A firm’s decisions as to whether it should withdraw from the Protocol can have a significant impact on its recruiting practices.

The Formation of the Protocol – Clients Caught in the Broker Recruiting Crossfire

Since 2004, the Protocol has limited litigation between wirehouses if a registered representative leaves one participating member for another. As initially conceived by Merrill Lynch, Smith Barney, and UBS, the Protocol provides general guidelines for firms that want to recruit successful representatives who already have a job. The lingering question is—how do you protect the client-adviser relationship when advisers transition to a different firm?

Before the Protocol came into effect, lawsuits were common as firms would sue departing representatives to win temporary restraining orders against moving a client’s assets to a new firm. Due to legal precedent, a client’s assets were inevitably frozen until all parties agreed to terms in arbitration. Today, the Protocol addresses the awkward situation of investors wanting to follow their most trusted representatives to a new firm.

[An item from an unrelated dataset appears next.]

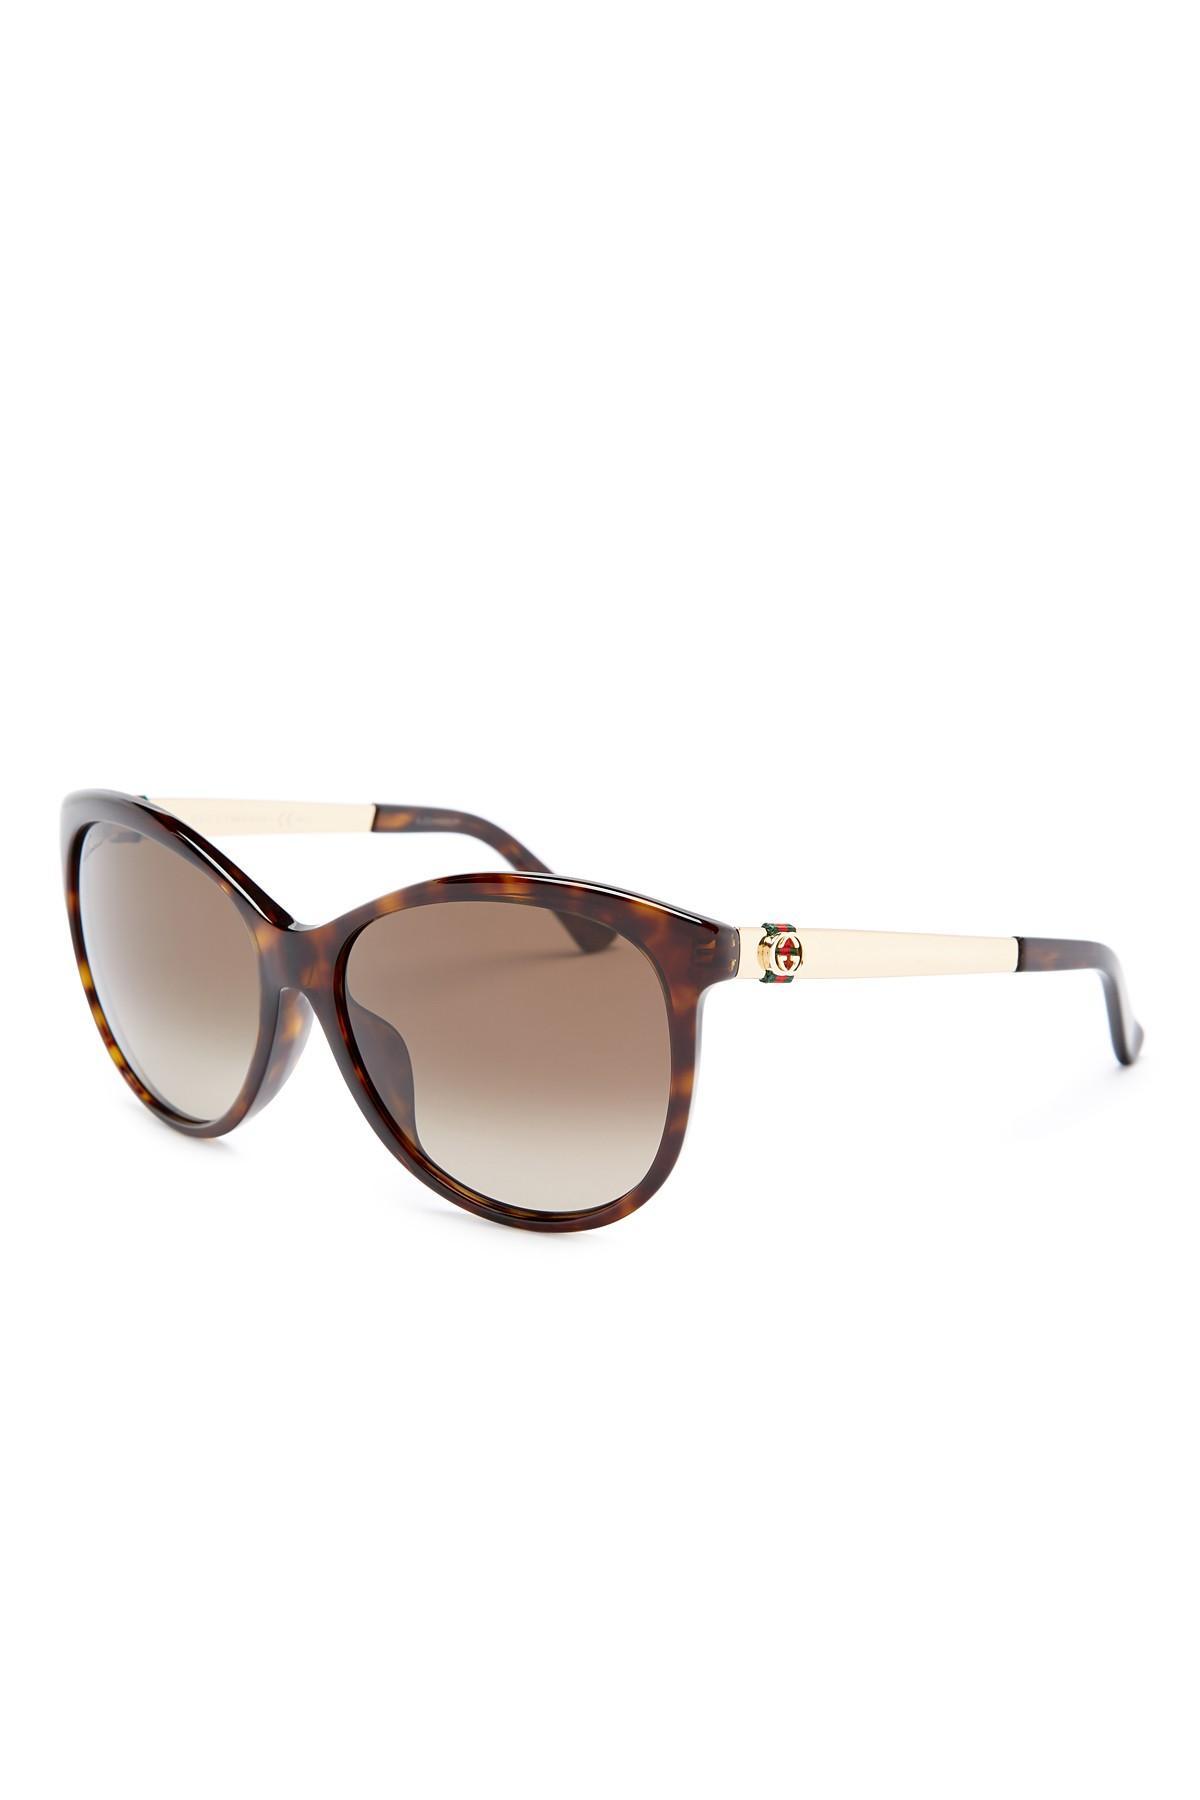 6e5aa4a6ef Gucci Women s Cat Eye Sunglasses Nordstrom Rack

The Protocol also establishes rules for representatives who solicit former clients. The guidelines only allow representatives to keep essential information, such as names, addresses, and phone numbers, in order to contact previous clients. Representatives are prohibited from taking confidential details including account numbers, bank statements, or Social Security numbers when they move to another firm.

Why Founding Members Are Exiting the Protocol

The Protocol applies to independent broker-dealers and investment adviser, but there are no special requirements other than complying with standard industry regulations. This open-door policy is precisely why founding members are leaving the agreement, which only requires a 10-day notice.

In November of 2017, Morgan Stanley decided to leave the Protocol under the guise of a new business model. Morgan Stanley’s only press release on the decision outlined the firm’s reasons for leaving. “Over time, the Protocol has become replete with opportunities for gamesmanship and loopholes,” the release states. Morgan Stanley points to the fact that there’s no formal vetting process. Any independent broker-dealer or registered investment advisers can join and leave at will with minimal notice.

As simple as the Protocol may be, it contains neither a formal vetting process nor an enforcement mechanism. There’s concern that more firms will keep joining the Protocol, exploit the benefits of recruiting within its framework, and then exit the Protocol shortly thereafter.

According to Morgan Stanley’s press release, “Firms have unilaterally made exceptions to the scope of the Protocol, undermining the objective of a universal set of rules.” Similarly, UBS is no longer a member for the same reasons. As UBS’ co-president Tom Naratil admitted in a recent interview, “once a large rival left, we left.” The fallout has continued with more large firms following Morgan Stanley’s lead.

Which Firms May Exit the Protocol Next?

It’s difficult to predict anything in the financial services industry, but the trend is clear—more firms are leaving the Protocol. Firms are consistently analyzing whether they want to prevent unethical companies from gaming the agreement and poaching their best employees.

The decision to leave isn’t easy, but more firms continue to believe that the Protocol has become ineffective. Although Citigroup doesn’t have the same number of advisers as Morgan Stanley, it has already exited the Protocol. Other wirehouses, such as Wells Fargo and Merrill Lynch, have increased litigation aggressively, alleging that brokers violate the Protocol.

How the New Environment Will Affect Salaries and Careers

Leaving the Protocol is becoming the new norm. Although thousands of companies are still on board with the agreement, that may change soon if wirehouses continue to crack down on the “raiding” of a broker’s books.

Some people believe that the collapse of the Protocol is a win for clients’ fiduciary rights. However, another way to look at it is that wirehouses have grown weary of losing business to independent advisers.

Exiting the Protocol gives wirehouses a way to limit opportunities for those who intend to leave to form rival ventures. These firms ultimately gain more control over the salaries and commissions that talented advisers can command. However, this strategy appears to be pushing brokers into the independent space, which is more lucrative.

The collapse of the Protocol isn’t necessarily the death knell of broker recruiting. While detractors of the agreement say it’s obsolete, proponents say it’s still useful since it sets a longstanding recruiting precedent.